REQUIREMENT
Everything in the data that follows should be given again verbatim, except the images.

SUPPLIED MATERIAL
------------------------------------------------------------------------

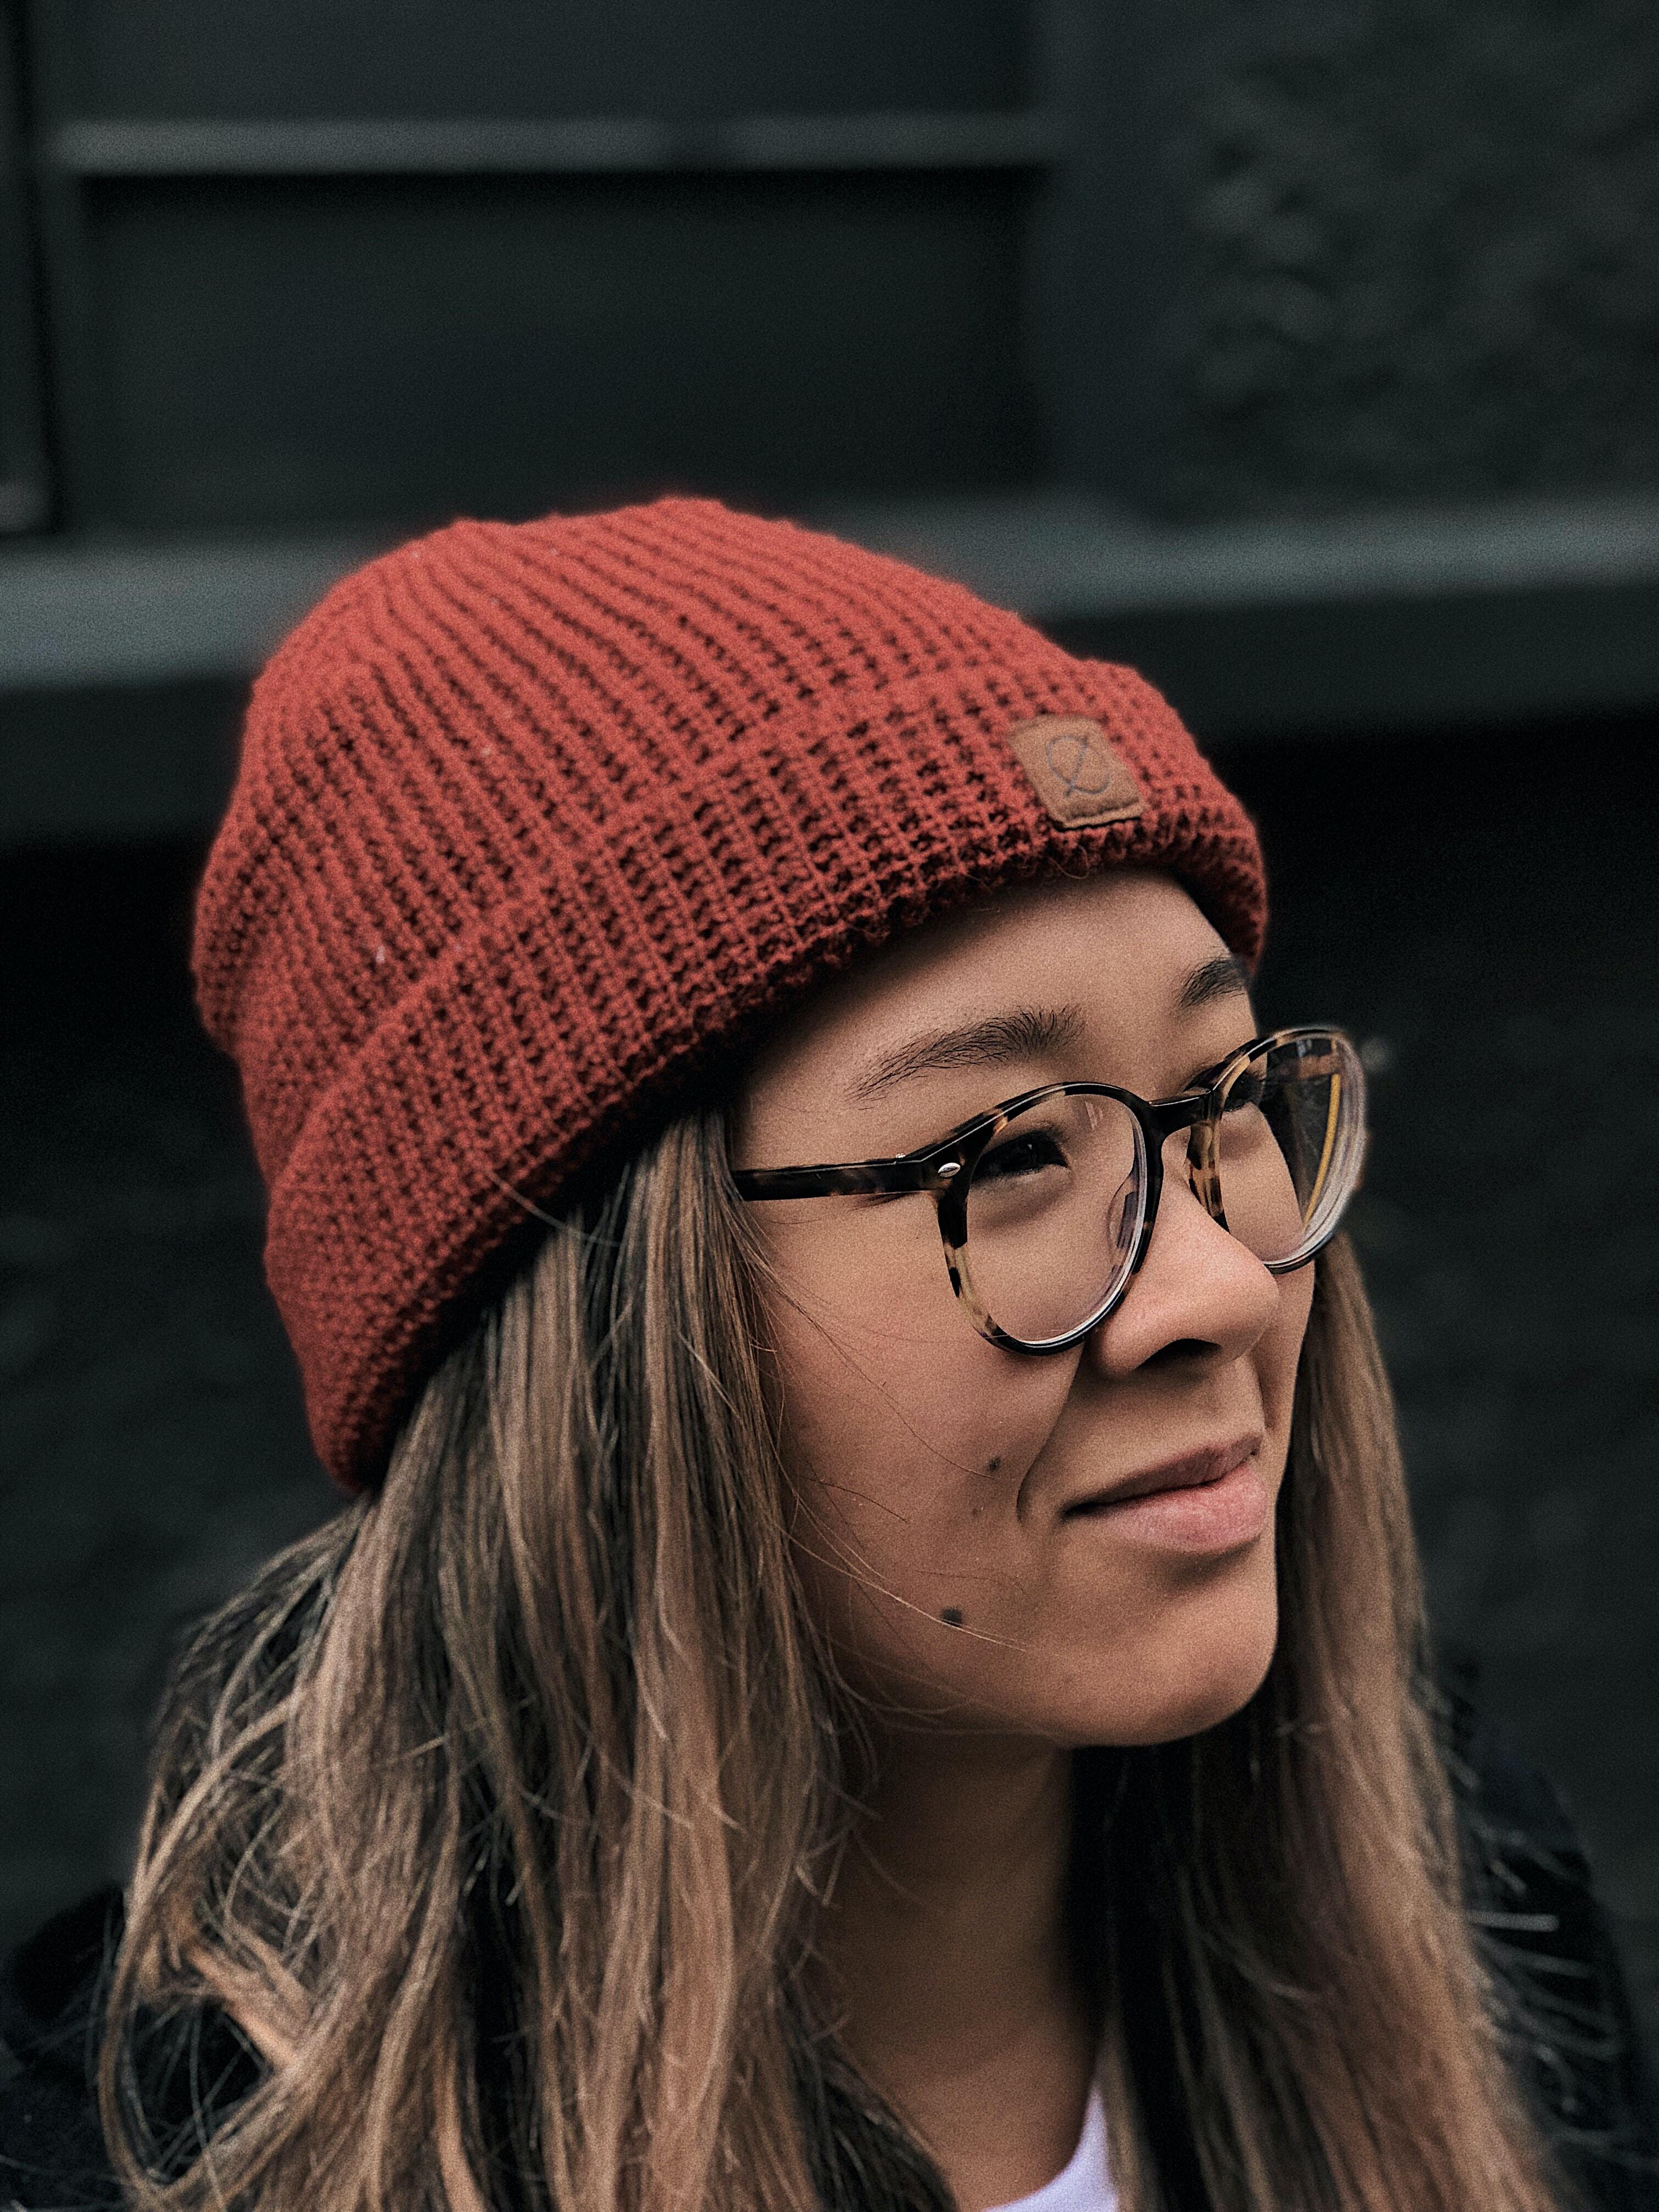 woman wearing knit cap and eyeglasses
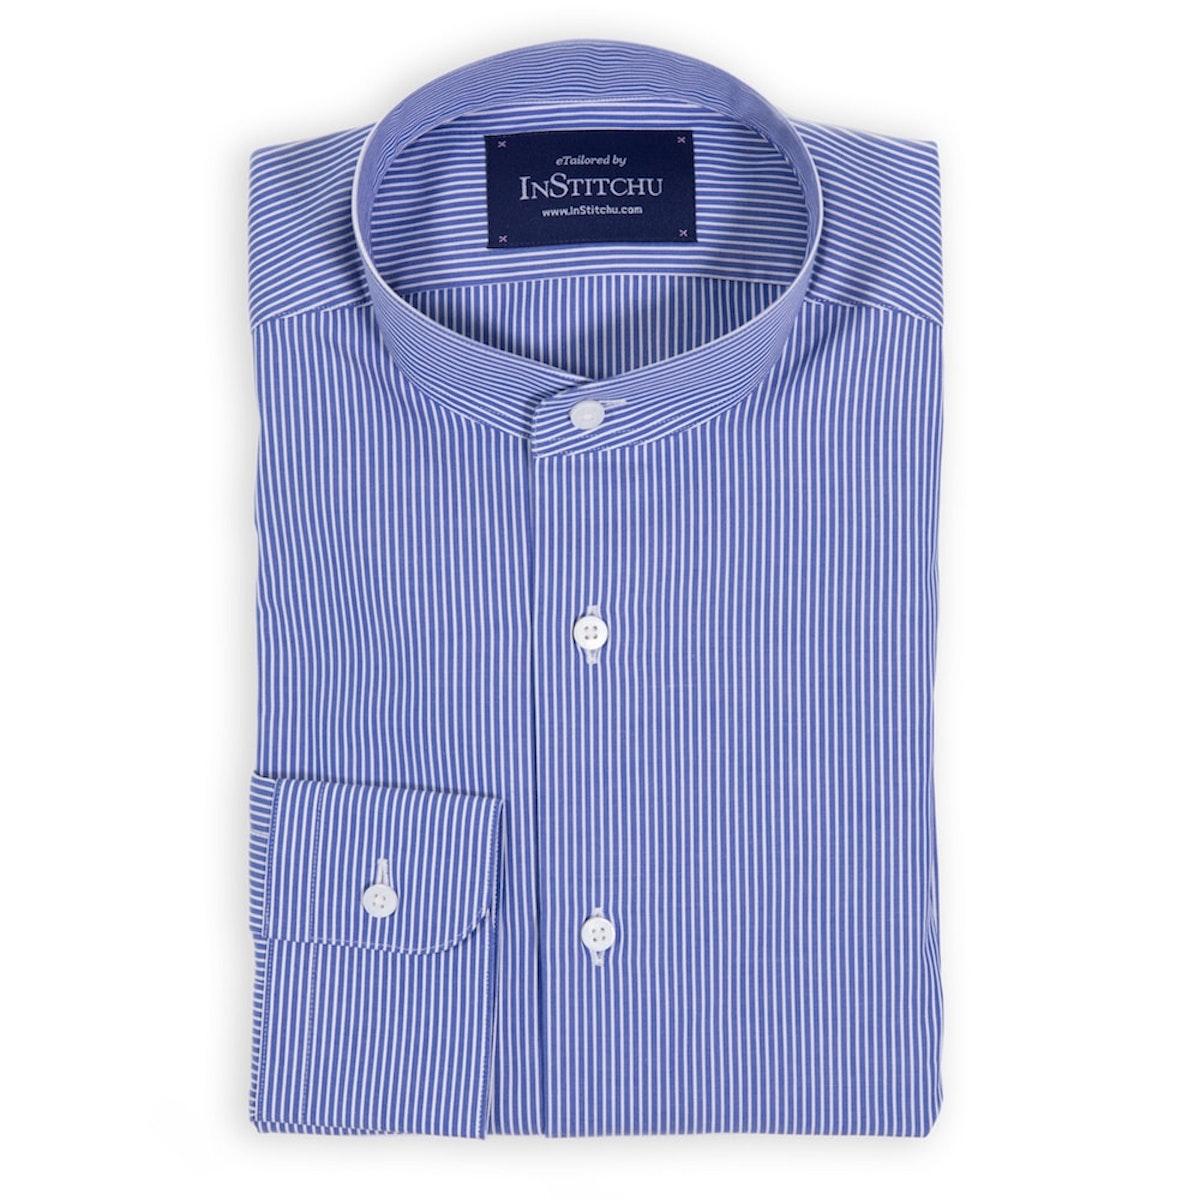 Medium Blue Fine Striped Band Collar Shirt
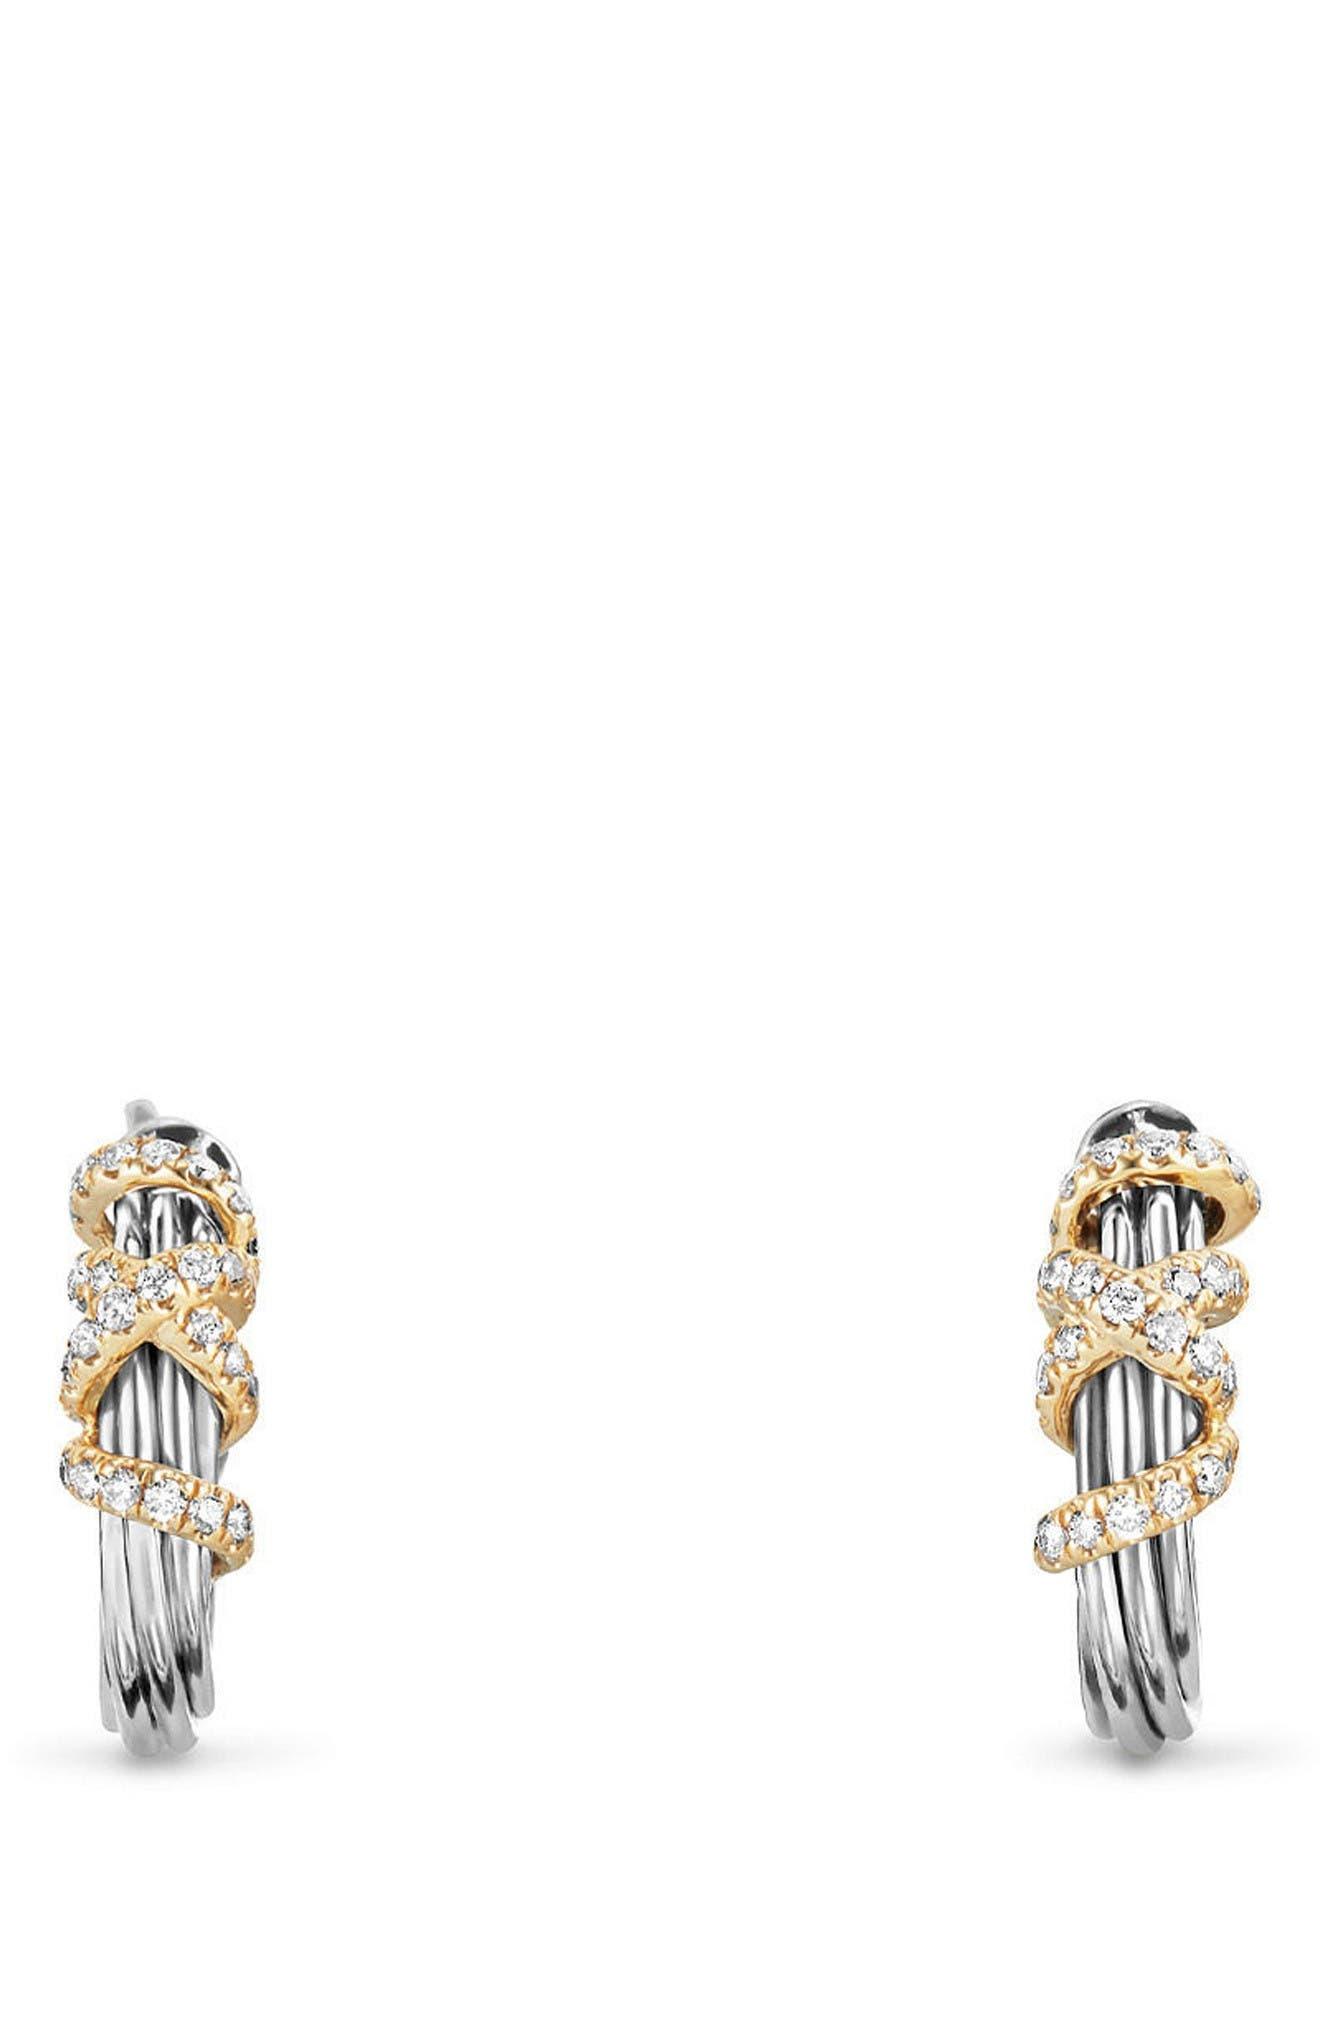 DAVID YURMAN Helena Small Hoop Earrings with Diamonds & 18K Gold
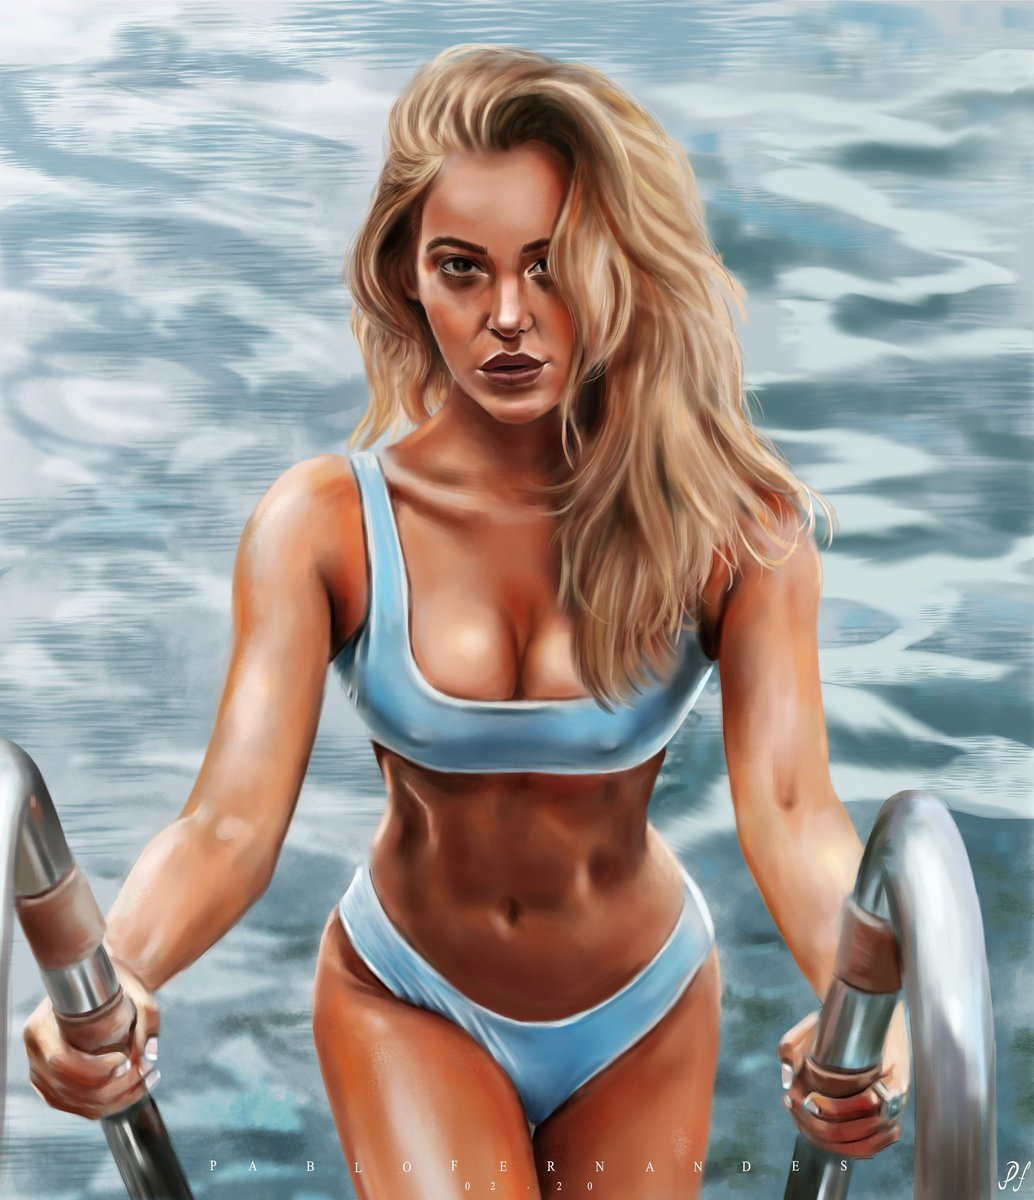 Summer Muse   #art #artdraw #drawing #digitalart #digitalpainting #dibujo #portrait #portfolio #photography #krita #studie #photoshop #instaart #instagood #artwork #artworld #summer #beach #pool #muse #girl #blond #loira #pinturadigitalpic.twitter.com/k3WHtwn3Df

------------------------------------------------------------------------

ANSWER FOR THE TASK
 woman wearing knit cap and eyeglasses
 Medium Blue Fine Striped Band Collar Shirt
 DAVID YURMAN Helena Small Hoop Earrings with Diamonds & 18K Gold
 Summer Muse   #art #artdraw #drawing #digitalart #digitalpainting #dibujo #portrait #portfolio #photography #krita #studie #photoshop #instaart #instagood #artwork #artworld #summer #beach #pool #muse #girl #blond #loira #pinturadigitalpic.twitter.com/k3WHtwn3Df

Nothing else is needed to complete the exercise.